The examples are stored in the examples folder:

  • They are organized in subcategories.

  • They should be written in a python script (.py), with cells marked by # %%, to separate code cells and markdown cells, as they will be rendered as notebooks (.ipynb).

  • The file should start with a docstring giving the example title.

  • No example should require to have large files stored in this repository. For example, no dataset should be stored, it should be downloaded in the script.

  • When built (using make html for example), these examples will automatically be converted into RST files in the sphinx/auto_examples subfolder.
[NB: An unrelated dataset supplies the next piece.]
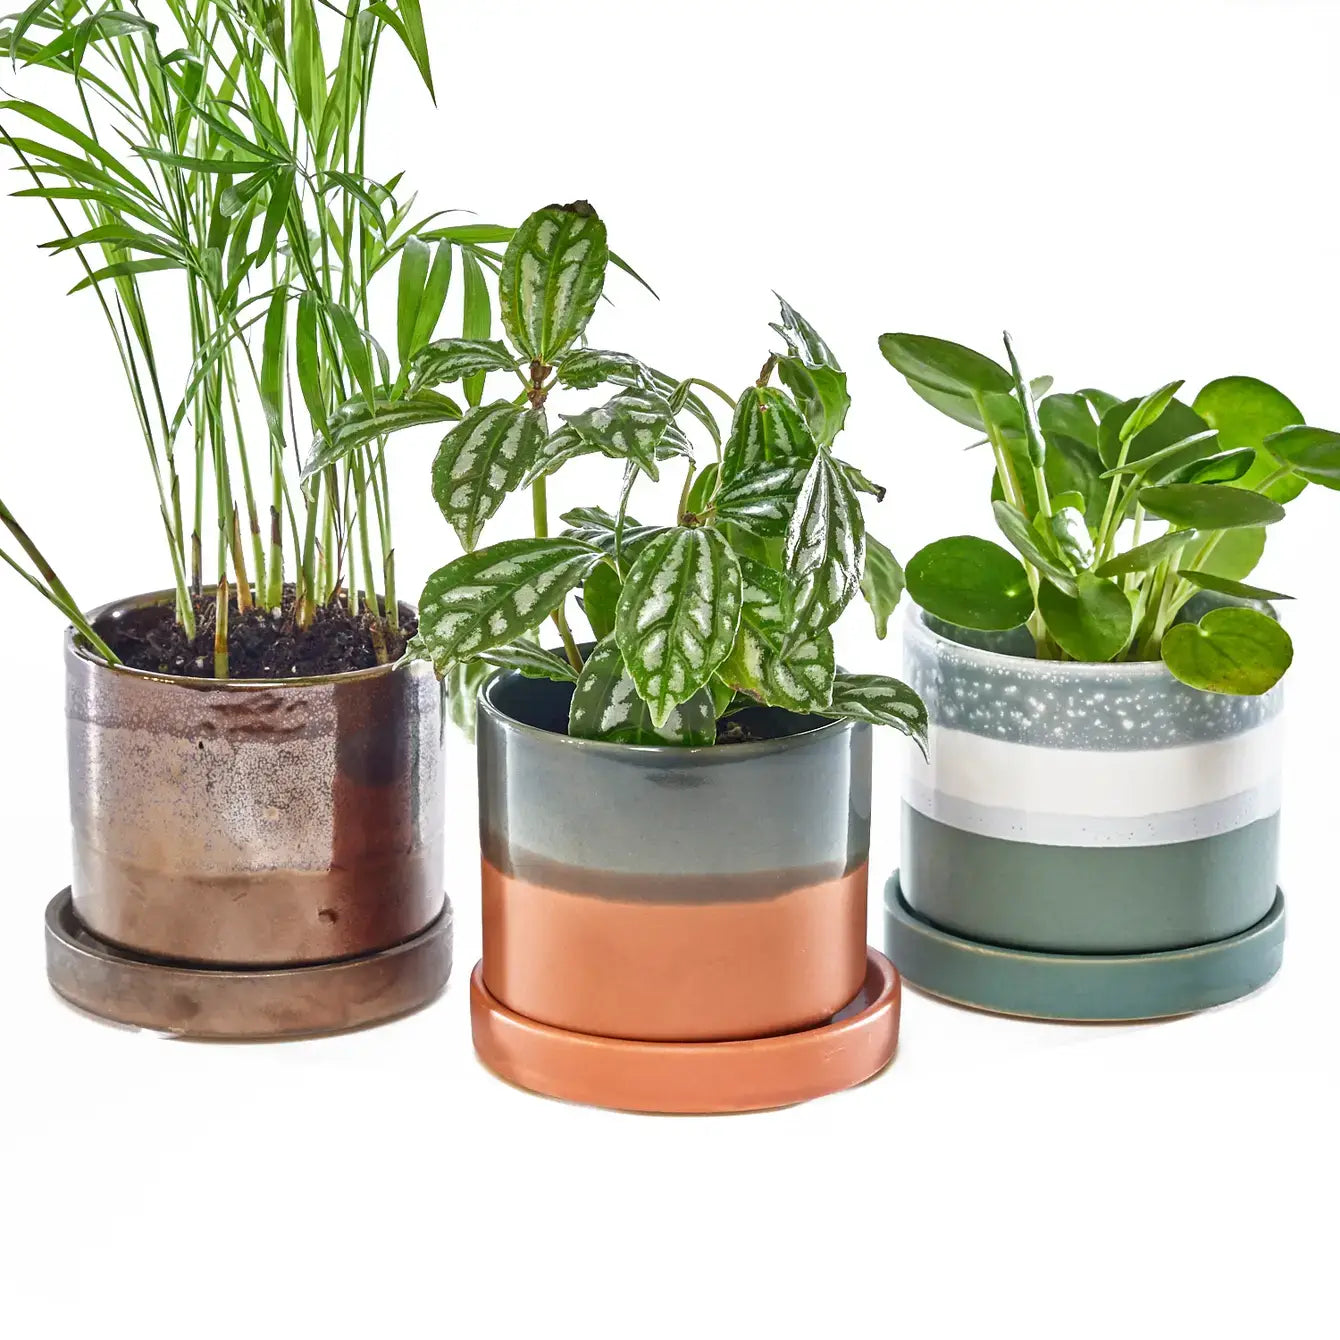 Chive - Minute Ceramic Plant Pots Indoor: Boombastic / 5"

This subfolder is listed in the gitignore and cannot be pushed.

  • If you are visualizing the examples on the online documentation and notice some typos or things that could be improved, make sure that you are viewing the dev version of the documentation which is the latest version (e.g. check that the typo has not already been solved for example).

  • New examples should use datasets that are sufficiently interesting yet reasonably sized (avoid synthetic datasets with near-perfect scores). As examples are executed during the documentation build, their runtime must remain short (ideally under a few minutes).

Guidelines for creating effective examples:

  1. Types of examples:

    • Doctests: Use these in API documentation for demonstrating simple usage patterns.

    • User guide examples: Create comprehensive examples that demonstrate functionality in real-world contexts.

  2. Small features: For minor features, for instance when extending existing assets or easying a supported use-case, don’t create standalone examples. Instead, incorporate these into existing relevant documentation where they make sense contextually.

  3. Example content: Focus on demonstrating the core concept rather than exhaustively listing all possible arguments. Show the global idea of how to use the feature effectively.

  4. Dataset selection:

    • Use meaningful, realistic datasets (not synthetic data with artificially high scores)

    • Ensure examples execute efficiently (under a few minutes)

    • Prefer built-in or easily downloadable datasets

    • If downloading data, include clear code for this process

Contributing to the README#

The README.md file can be modified and is part of the documentation (although it is not included in the online documentation). This file is used to be presented on PyPI.

Pull Request Checklist#

Before marking your pull request as ready for review, ensure you have:

  1. Created or updated unit tests for your changes

  2. Run all tests locally and verified they pass

  3. Updated documentation if necessary

  4. Make sure the documentation can be ran without warning nor failure.

  5. Run pre-commit hooks on your code

  6. Signed all your commits

This checklist helps maintain code quality and ensures a smooth review process.